Burmese amber (amber from northern Myanmar) contains the most diverse biota of all Cretaceous amber. During the last 100 years, Burmese amber has received worldwide scientific interest; more than 300 families of arthropods plus diverse plants and vertebrates have been reported.

Burmese amber has been known for nearly 2000 years, and it has been traded with China since Han Dynasty times (202 B.C. to 220 A.D). The first reported animal inclusions in Burmese amber were presented between 1917 and 1922 by Dr. Cockerell. The renaissance in Burmese amber research started at the very end of 20th century and the investigations on inclusions of Burmese amber are now in full bloom. Recently, in internationally collaborations, the amber and its inclusions have been thoroughly investigated, with prolific papers and reports published on the identification and description of numerous fossil inclusions.

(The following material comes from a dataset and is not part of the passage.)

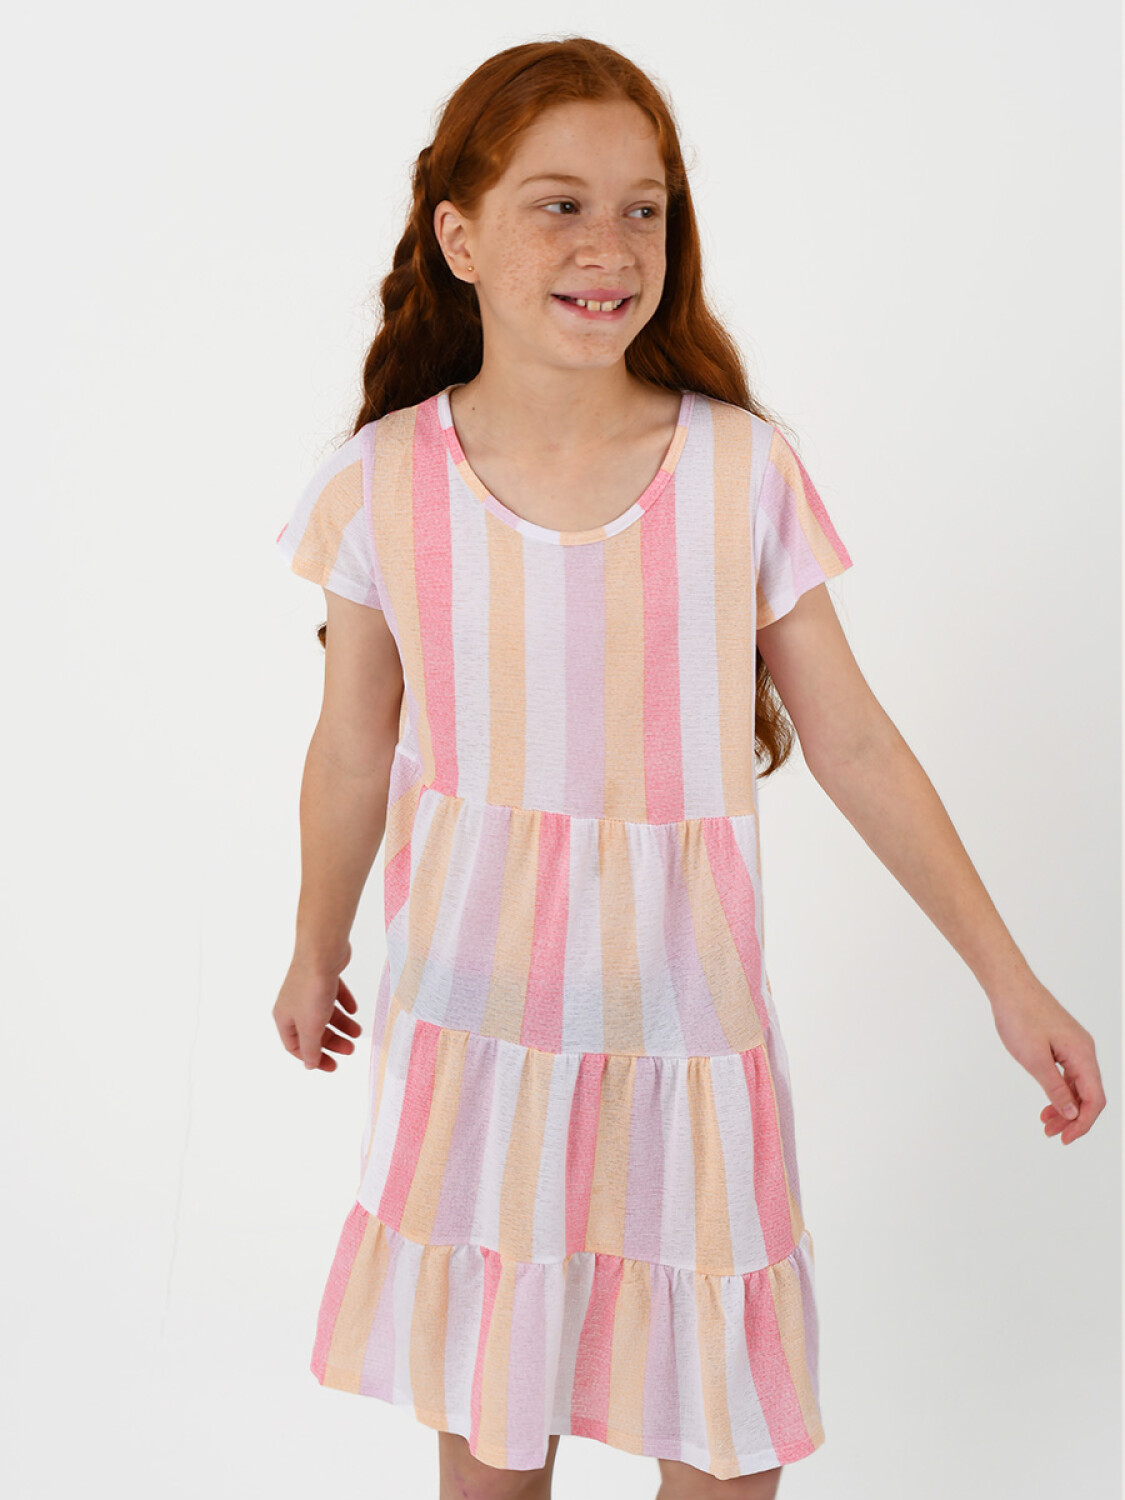 Riñonera niña multicolor - Tienda online de ropa infantil

We have re-investigated this biota based on new, abundant fossils and got some new and surprising discoveries. We found a number of arthropod groups that are rare or extremely rare in amber, e.g. crabs (Brachyura), camel spiders (Solifugae), whip-scorpions (Thelyphonida), and onychophorans (Onychophora). Insects are the most common group in Burmese amber and show a remarkable mixture of basal and derived forms. They document a particularly active time in the evolution of life on land, the Cretaceous terrestrial revolution. Flowering plants were flourishing and diversifying, the insects that fed on the flowers were also flourishing and diversifying, and the predators that fed on the insects (spiders, lizards, mammals, and birds) were flourishing and diversifying. The stories of plant, insect and other invertebrates, and predator interactions documented in Burmese amber offer an unprecedented view into the co-evolution of insects and plants, the evolution of pollination, adaptations to various types of food and habitats, and the formation of recent ecosystems and biotas.

Although the list of exciting discoveries is long, only about 20% of the inclusions have been formally described from Burmese amber. Therefore the Burmese amber biota requires much more extensive and detailed taxonomic investigation.